C’est un petit point de friction effectivement qu’on peut avoir avec les gens qui font le boulot
sur le terrain. Ou même par exemple des gens de Pôle Emploi, c’est une structure nationale
très jacobine et eux ils sont très porteurs de valeurs jacobines ; alors que dans les
départements on est plus dans la décentralisation. Déjà, en fait la décentralisation avait
introduit ça, c'est-à-dire que d’un département à l’autre on pouvait traiter différemment.
C’était déjà une première source d’inéquité mais qui était liée à un choix qui était de
décentraliser, donc d’adapter les politiques aux situations locales. Je trouve ça plutôt positif
personnellement. Mais déjà, il y avait un premier moment où il y avait des frictions sur le
terrain. J’avais rencontré personnellement à la fois les travailleurs sociaux du Conseil Général
et ceux de Pôle Emploi puisque j’ai travaillé dans les deux structures, donc j’ai bien vu les
deux manières de penser ; et j’ai rencontré ça des deux côtés. L’expérimentation introduit une
139
nouvelle couche d’inéquité. Mais moi ça ne me pose pas problème personnellement puisque
je m’approprie très bien cette idée qu’on est là pour expérimenter quelque chose qui va
permettre d’améliorer le dispositif dans son ensemble, et c’est l’intérêt général qui va être
servi au bout du compte. Mais c’est vrai que ça crée des frictions.

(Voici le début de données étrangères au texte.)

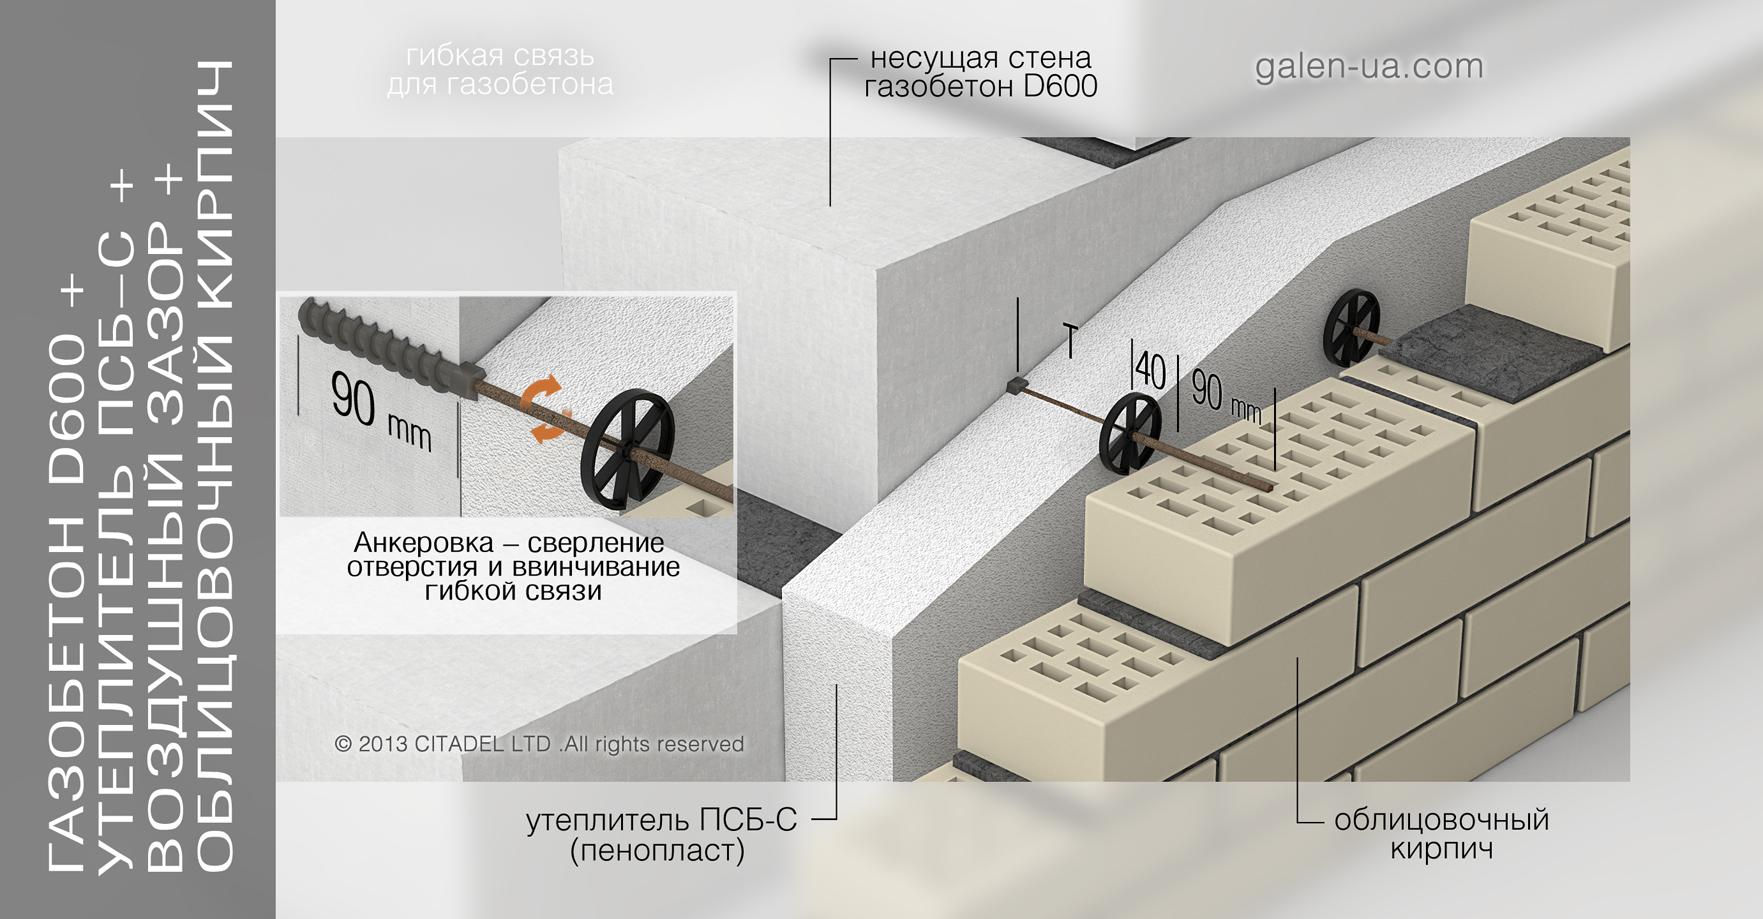 Гибкая связь для газобетона: Газобетон D600 + Утеплитель ПСБ-С + Воздушный зазор + Облицовочный кирпич
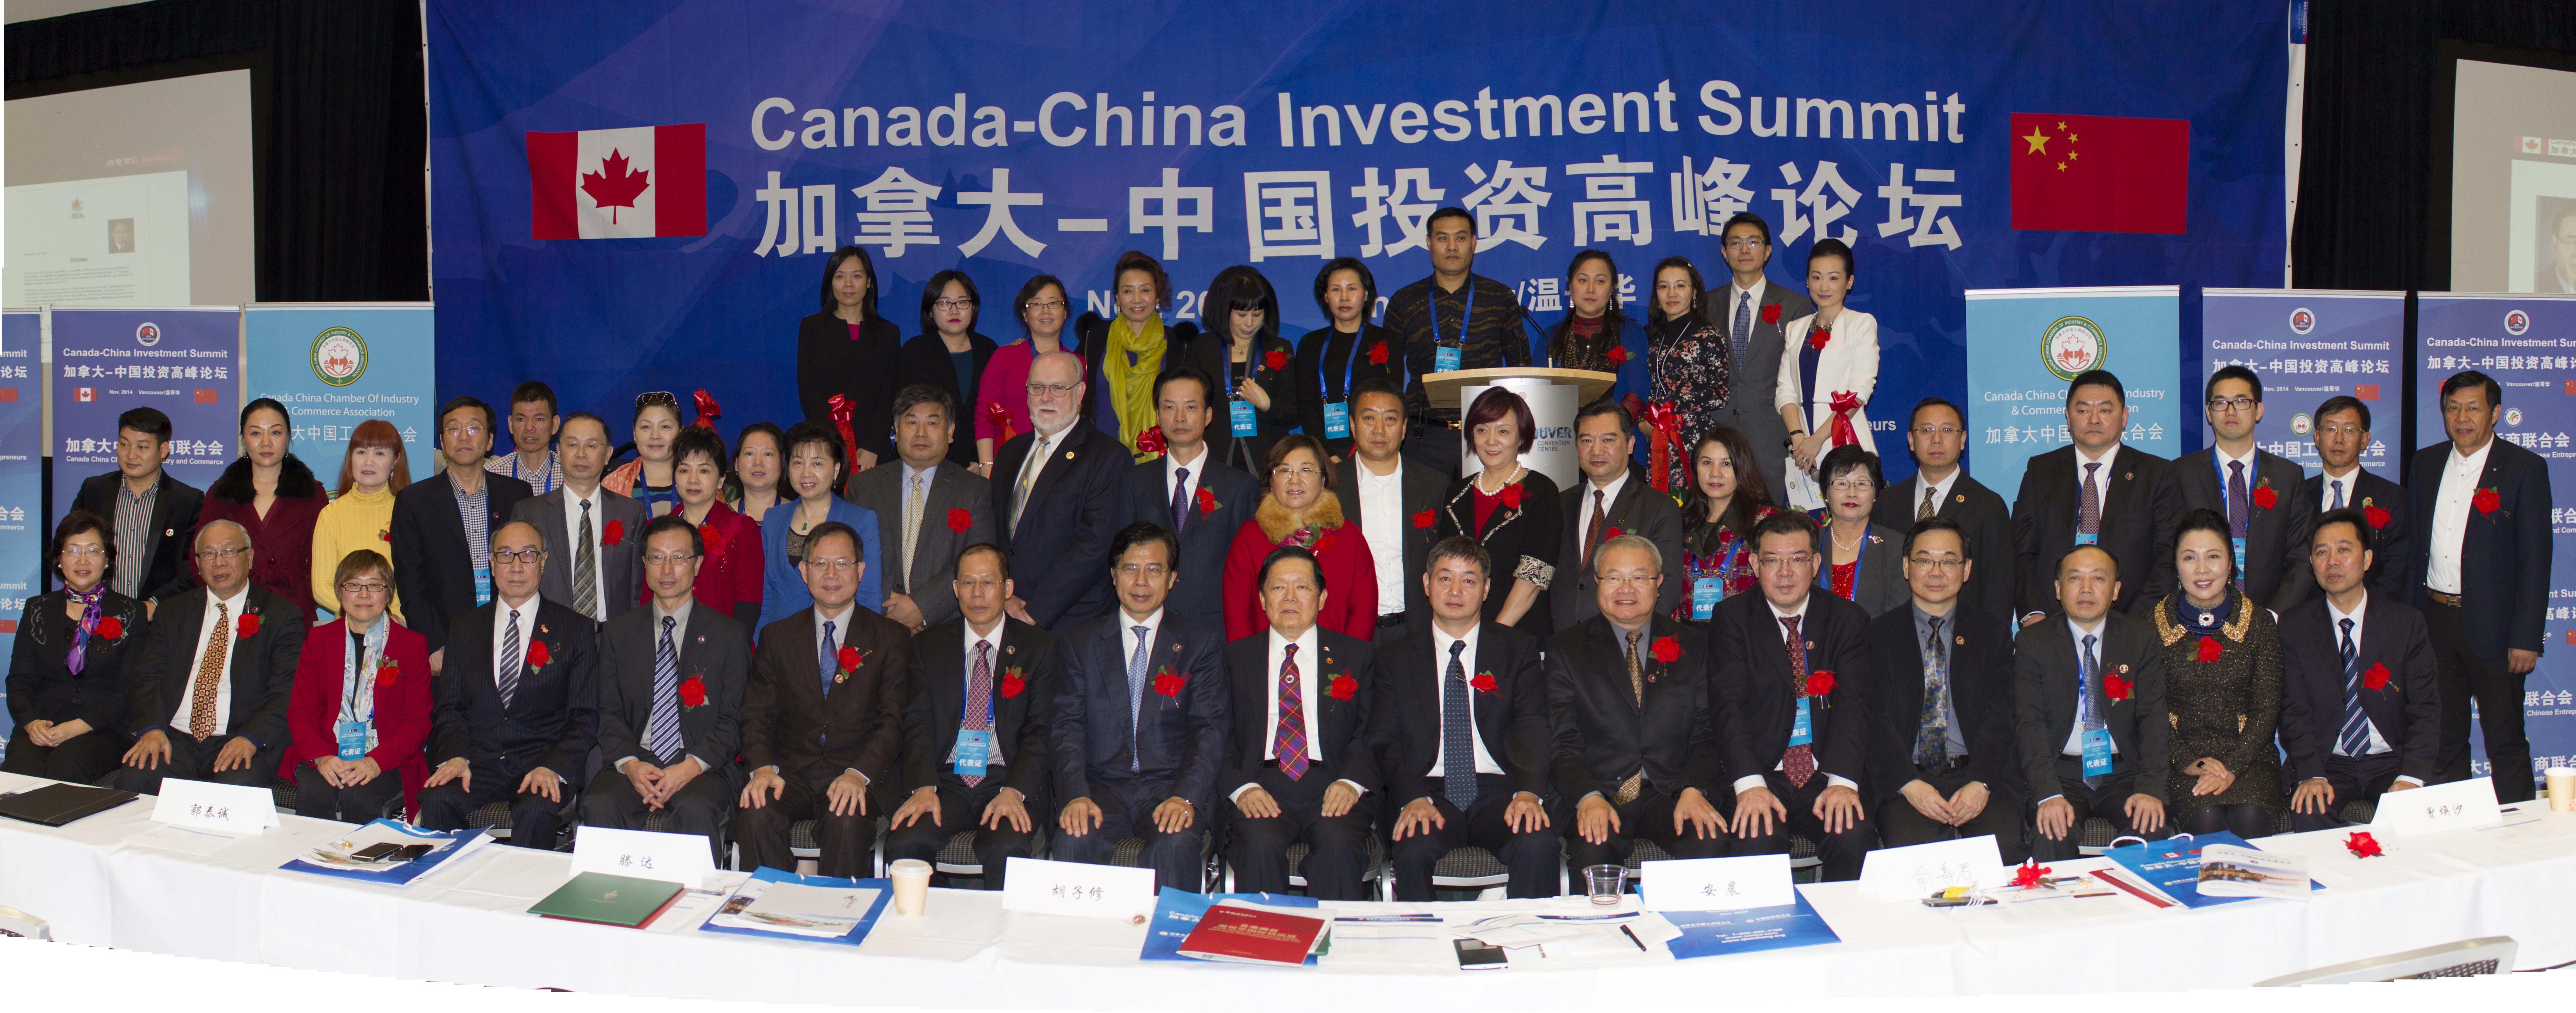 第二届加中投资峰会嘉宾合影

- Mme Vaugelade : De toutes façons, il faudra qu’on arrive à comprendre que les choses ne
peuvent pas être les mêmes partout en France, parce qu’on se rend bien compte qu’il y a des
expériences de méthodes de travail qui sont importantes et qui sont différentes. On a des
relations différentes avec les tissus économiques ou pas. C’est vrai que nous ici la chance
qu’on a eue, c’est que, bien que, n’ayant pas la compétence économique, on a toujours gardé
un lien fort avec le monde de l’entreprise. Le président a toujours pensé que de toutes les
manières, on ne pouvait pas parler d’insertion et d’emploi sans parler avec les entreprises. Ça
fait des années et des années qu’on travaille avec des entreprises, qu’on les a aidées à se
structurer, qu’on a aidé à avoir une plateforme qui les regroupe et avoir un dialogue social et
citoyen avec elles. Du coup, c’est un terroir ça. Donc quand une loi arrive, forcément elle va
être appliquée de façon différente ici où on a déjà semé, d’un endroit où le Conseil Général
s’est beaucoup plus orienté sur une politique purement sociale et non pas d’insertion
économique et qui n’a donc pas de lien direct avec les entreprises. C’est vrai que ça c’est de la
volonté politique. Dans le RMI, il y avait le « I » d’insertion qui demandait à ce qu’on ait
20% du budget du RMI sur des actions d’insertion, cela a été abrogé. Donc on n’avait plus
besoin de faire l’insertion dans les départements, nous on l’a maintenue voire renforcée. Donc
on n’a jamais lâché l’insertion par l’économie, on n’a jamais lâché les entreprises. C’est pour
ça que notre vision du RSA est telle. C’est pour ça qu’on a aussi fait modifier la loi pour faire
en sorte qu’il y ait à tout prix des éléments qui stimulent l’employeur à augmenter son nombre
d’heures. C’est fondamental et ça n’aurait jamais été dans la loi si on n’avait pas expérimenté.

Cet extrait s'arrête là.